– Выходите тем же путем, что и войдете, если вам это удастся.
– Нам необходимо сделать это.
– Да. Вы должны. Но сейчас командует Эндрю, а это означает, что у вас может не быть выбора. – Он заколебался, но добавил. – Даже, если ты сможешь дотронуться до него, и она увидит его, она не сможет притронуться к нему, Эмма. – Слова были мягкими и окончательными.
Эмма, которая не думала об этом до сего момента, почувствовала, как мир рухнул – хуже некуда – к ее ногам. Его мать не сможет коснуться его, и не сможет взять его на руки, а он не шевелился в первый раз, когда она кричала и умоляла его. Он ждал, что она выведет его.
И это убило его.
Они начали подниматься по лестнице.
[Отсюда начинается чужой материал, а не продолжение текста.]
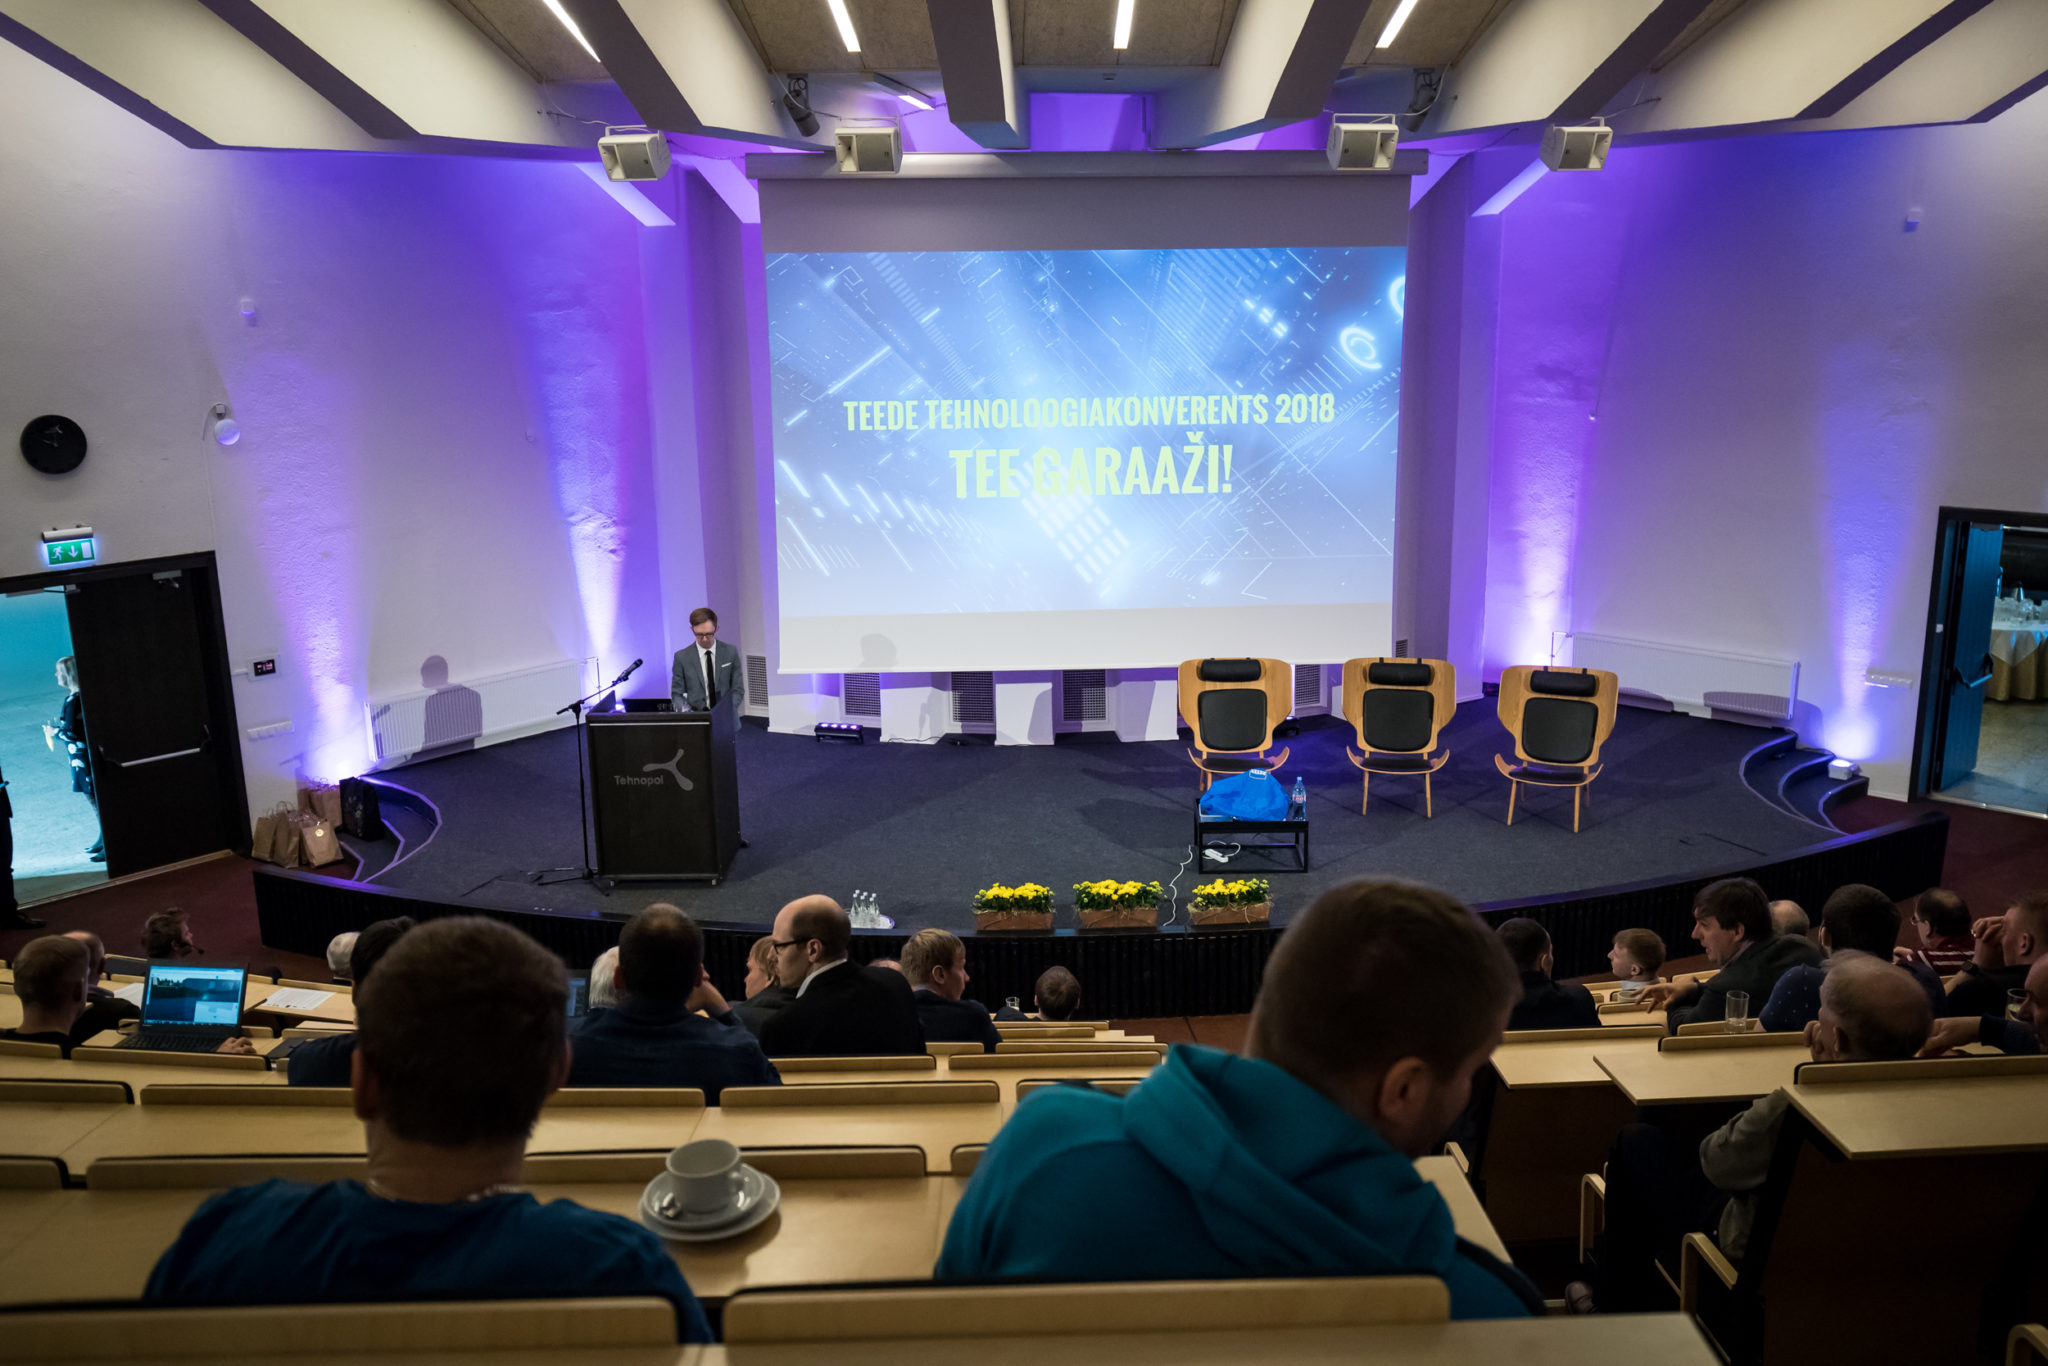 Teede Tehnoloogiakonverents 2018 ettekanded ja pildid

Эмма пошла первой и медленно поднималась, прикрывая влажным полотенцем рот и нос.
Было плохо видно, потому что дым из нижних окон был черным и едким, так что резал глаза и цеплялся – она была уверена – за ее волосы. Она чувствовала жар, но в реалии лестница была прохладной на ощупь. Это было не очень удобно, но что было, то было.
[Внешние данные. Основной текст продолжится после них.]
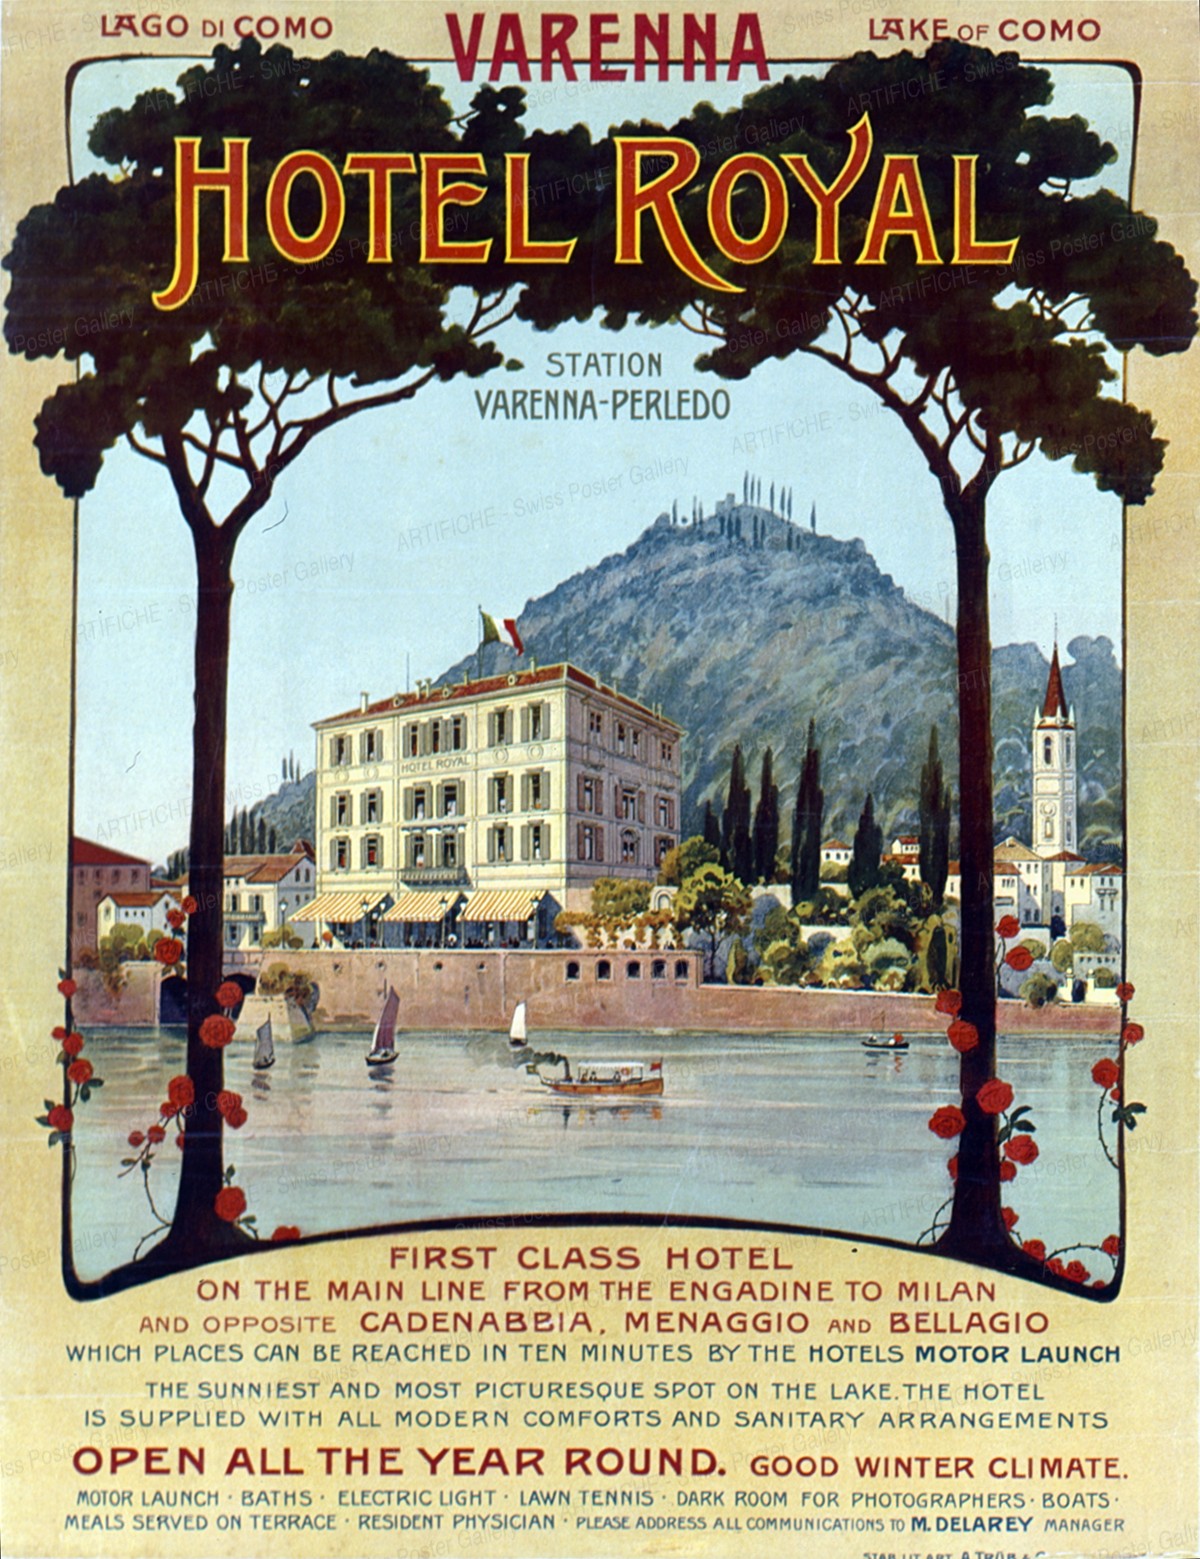 VARENNA – HOTEL ROYAL – Lago di Como, Artist unknown

Ниже нее, стараясь изо всех своих сих, следовала Мария Копис. Чейз поднимался параллельно по другой лестнице, поддерживая криками, по крайней мере, Эмма думала, что он пытался сделать именно это; но на самом деле только раздражал. С другой стороны, если бы ей пришлось выбирать между раздражающим Чейзом и смертельным огнем, она бы выбрала Чейза.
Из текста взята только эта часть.